Each line from the one containing "Die Bahn tritt" through the last line of the data below should be printed exactly, please, with any pictures omitted.

*Data provided:*
==*==

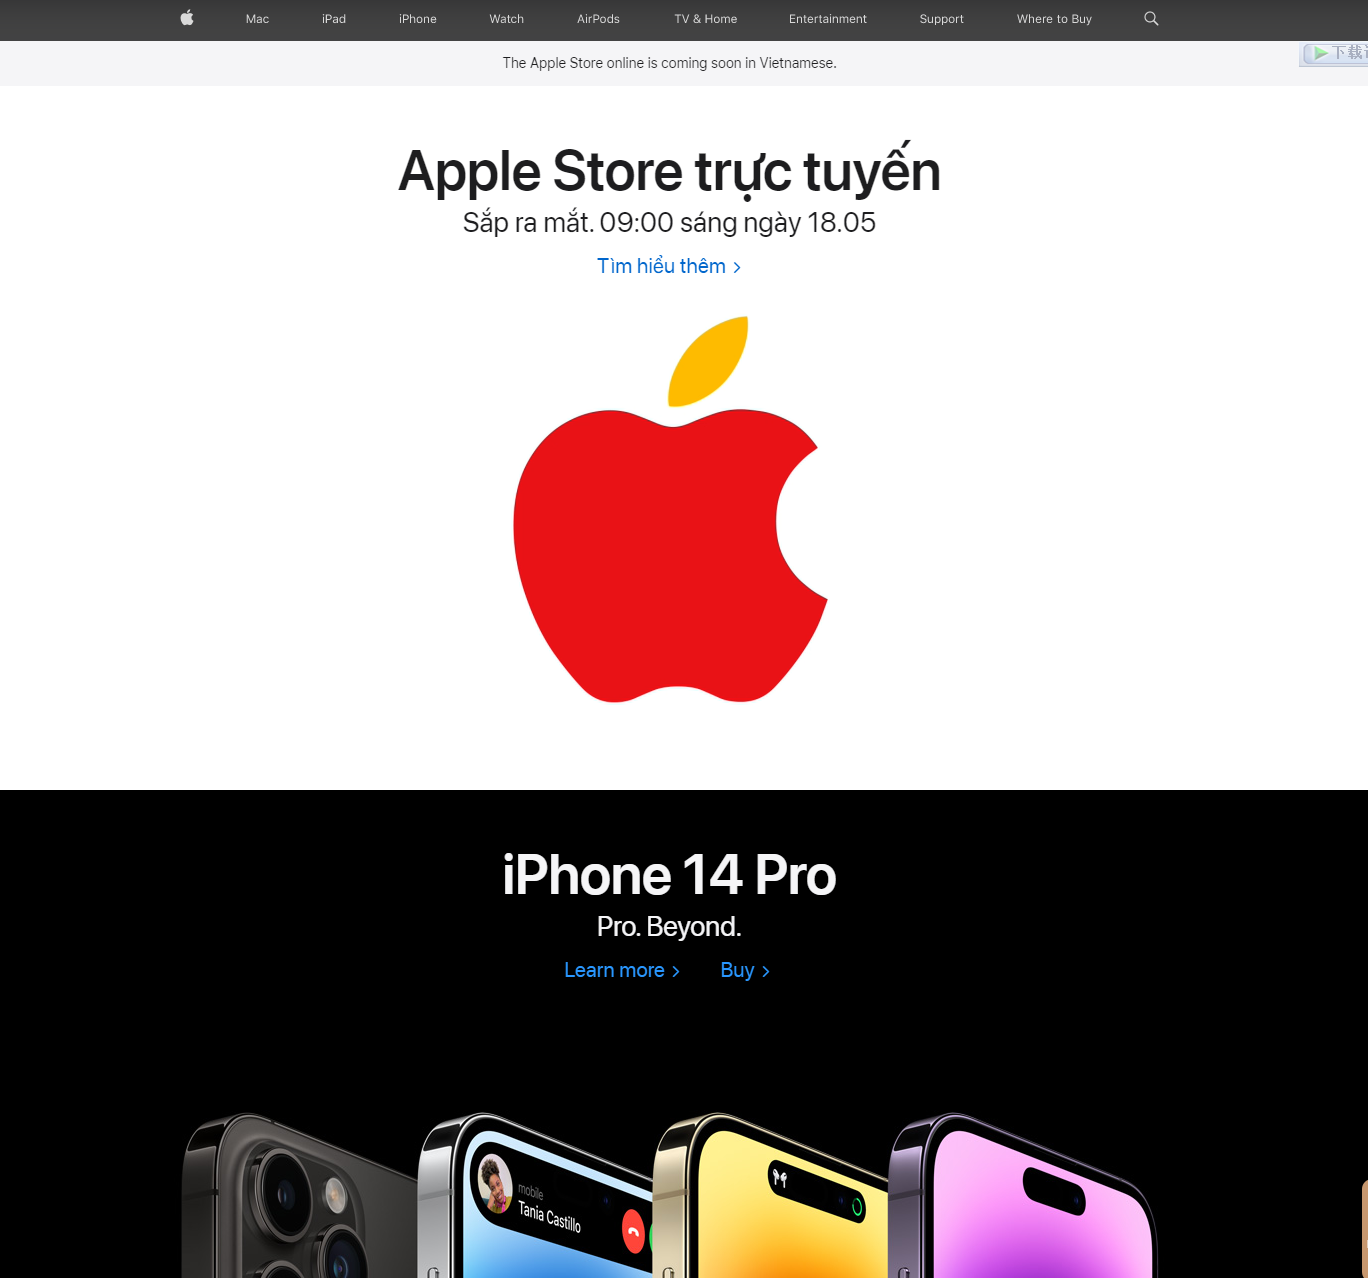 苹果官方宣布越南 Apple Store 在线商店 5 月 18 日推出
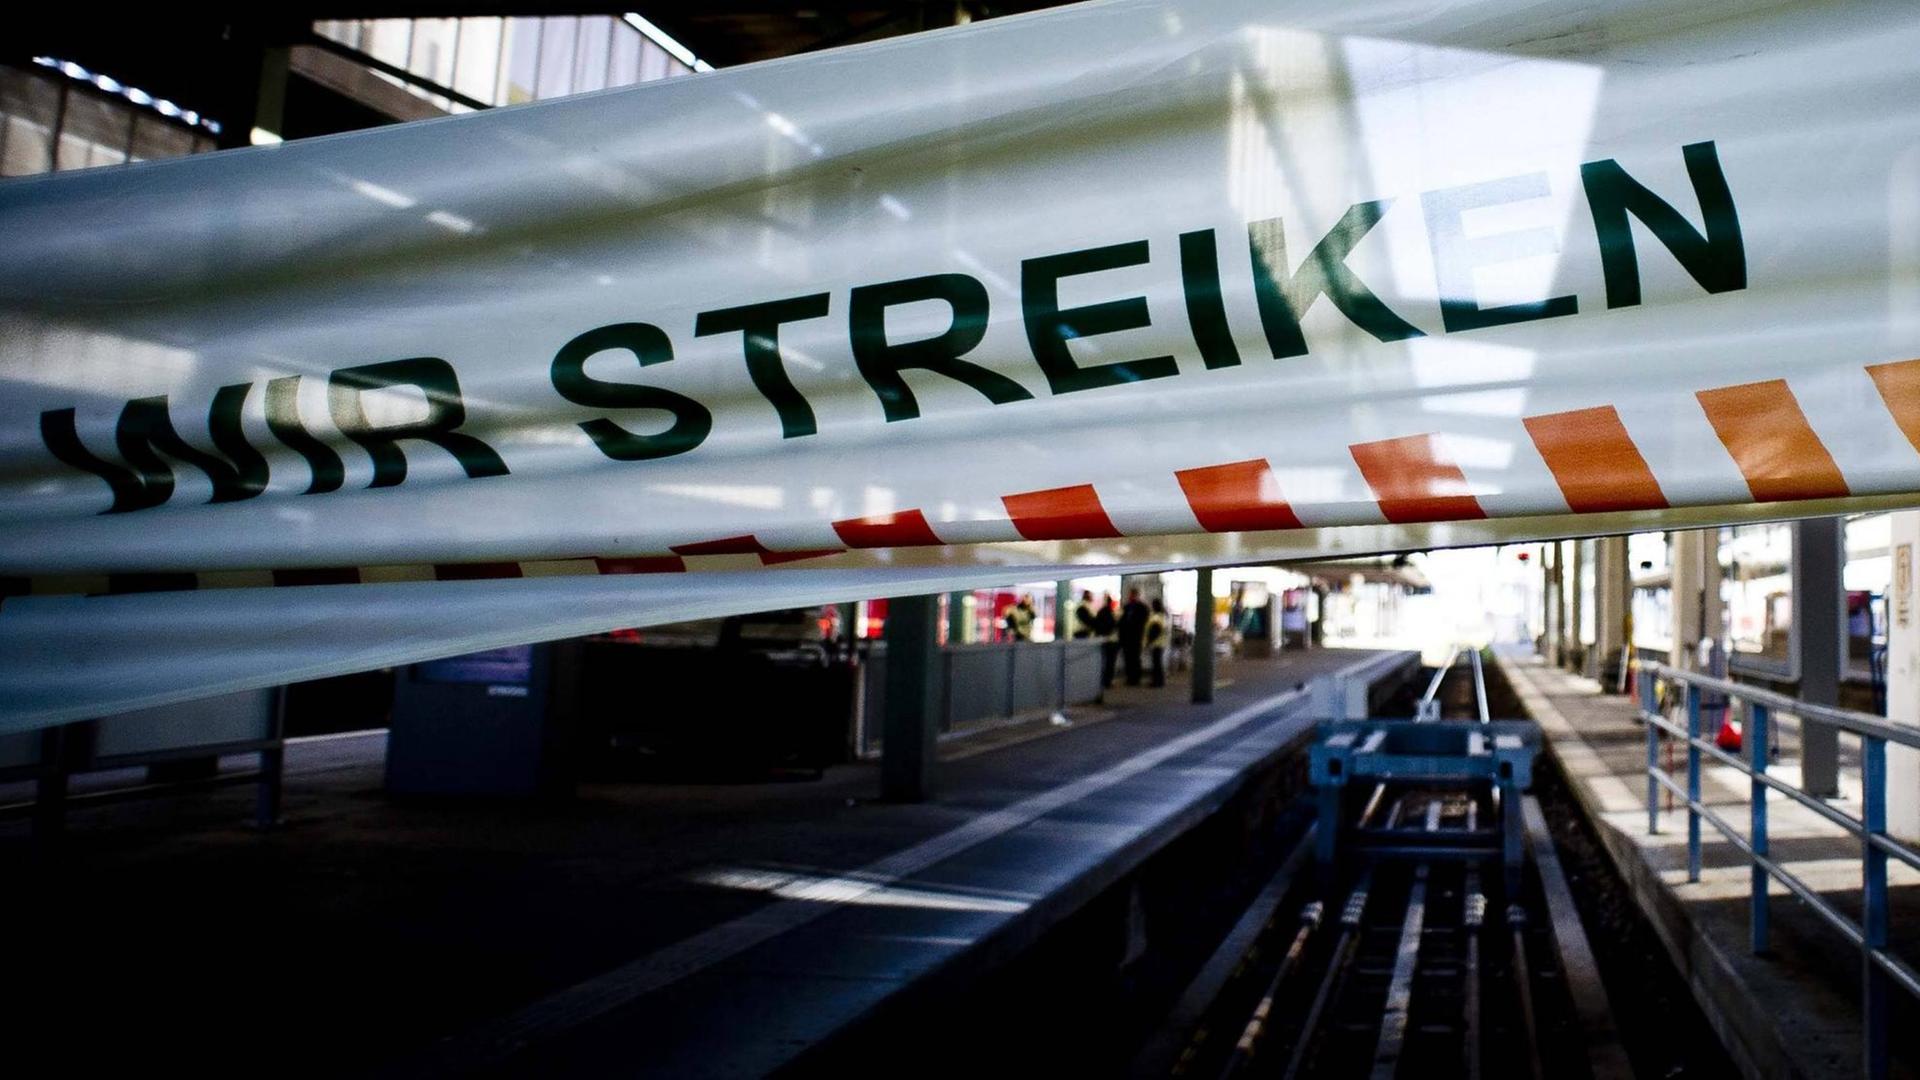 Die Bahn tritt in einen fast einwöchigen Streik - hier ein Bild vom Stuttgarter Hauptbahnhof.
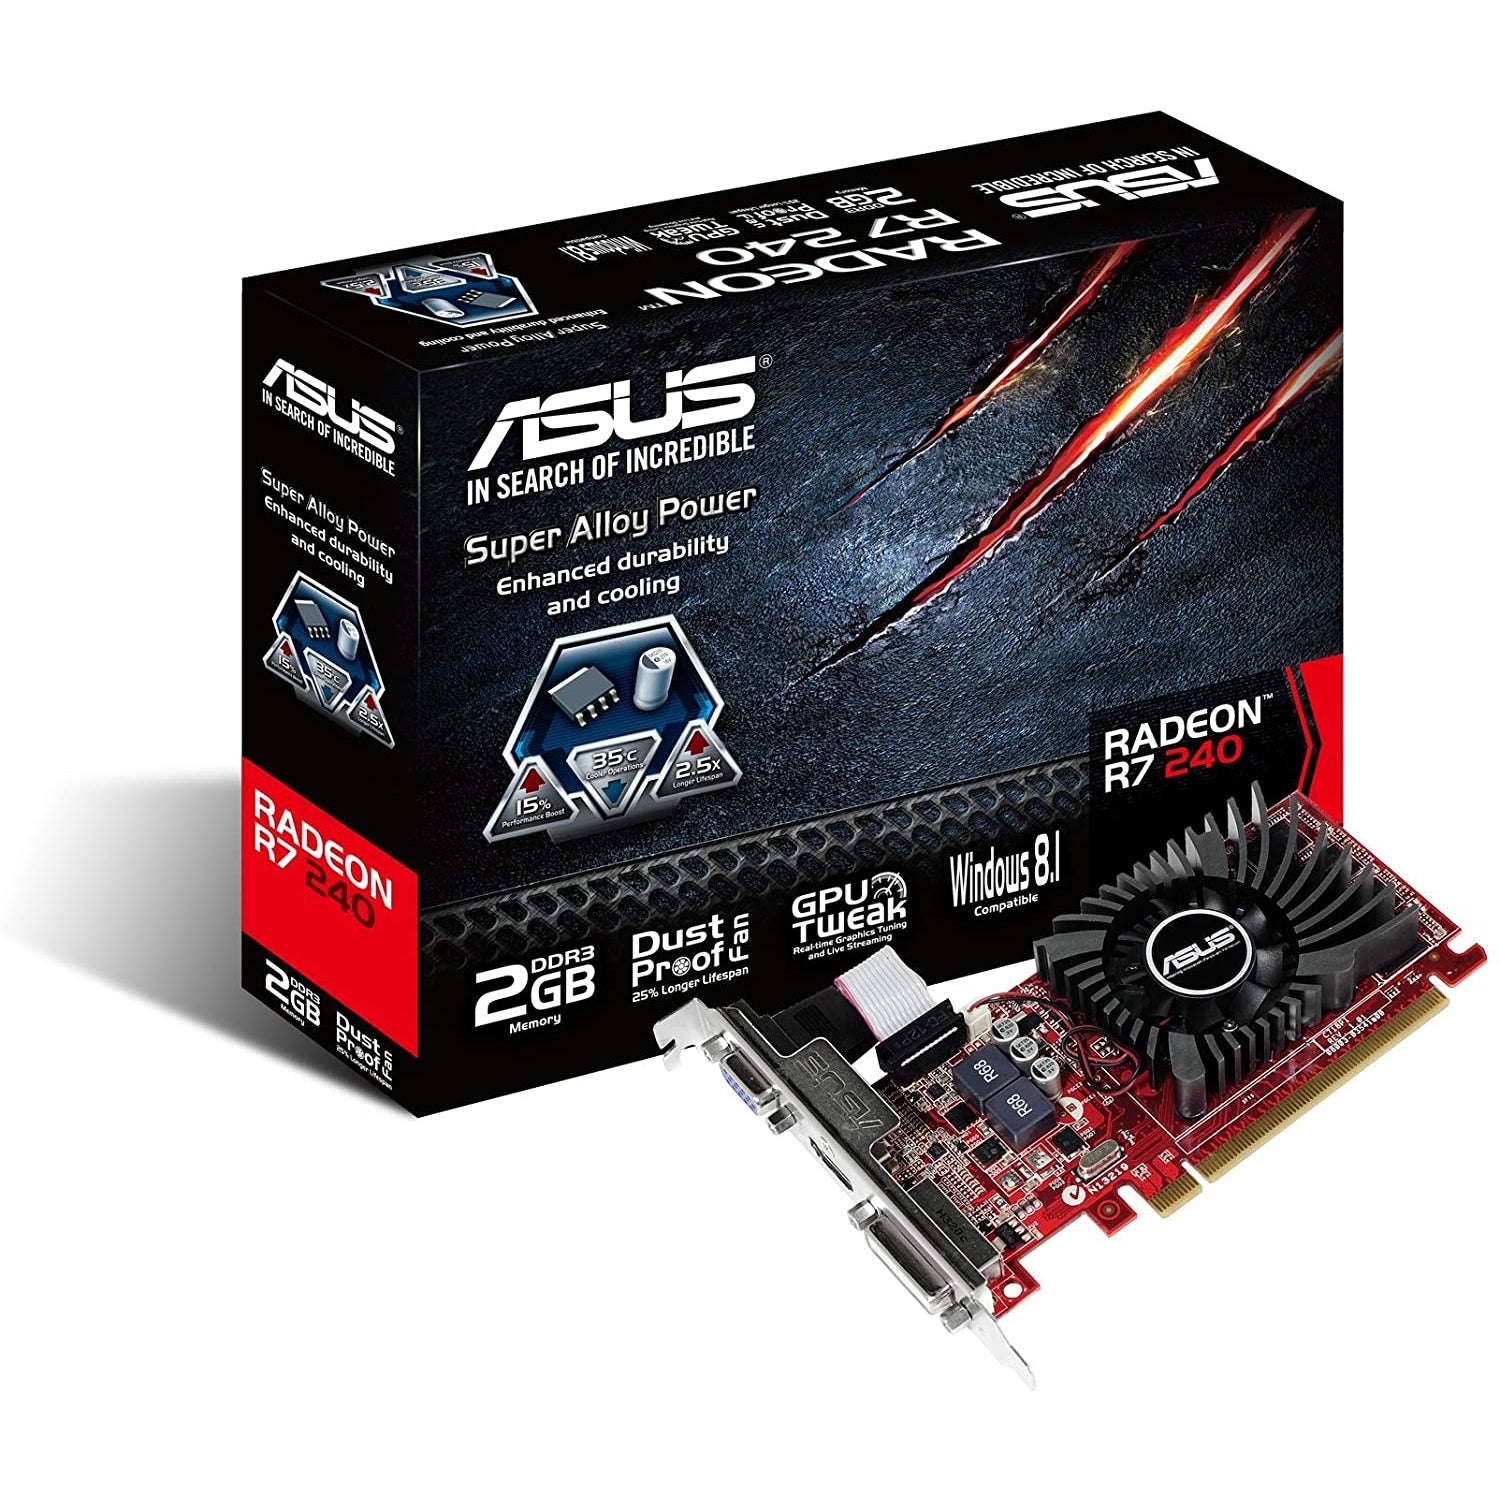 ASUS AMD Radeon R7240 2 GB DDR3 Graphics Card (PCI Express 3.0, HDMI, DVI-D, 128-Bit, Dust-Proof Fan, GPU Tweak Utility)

==*==

*Reply to the exercise:*
 Die Bahn tritt in einen fast einwöchigen Streik - hier ein Bild vom Stuttgarter Hauptbahnhof.
 ASUS AMD Radeon R7240 2 GB DDR3 Graphics Card (PCI Express 3.0, HDMI, DVI-D, 128-Bit, Dust-Proof Fan, GPU Tweak Utility)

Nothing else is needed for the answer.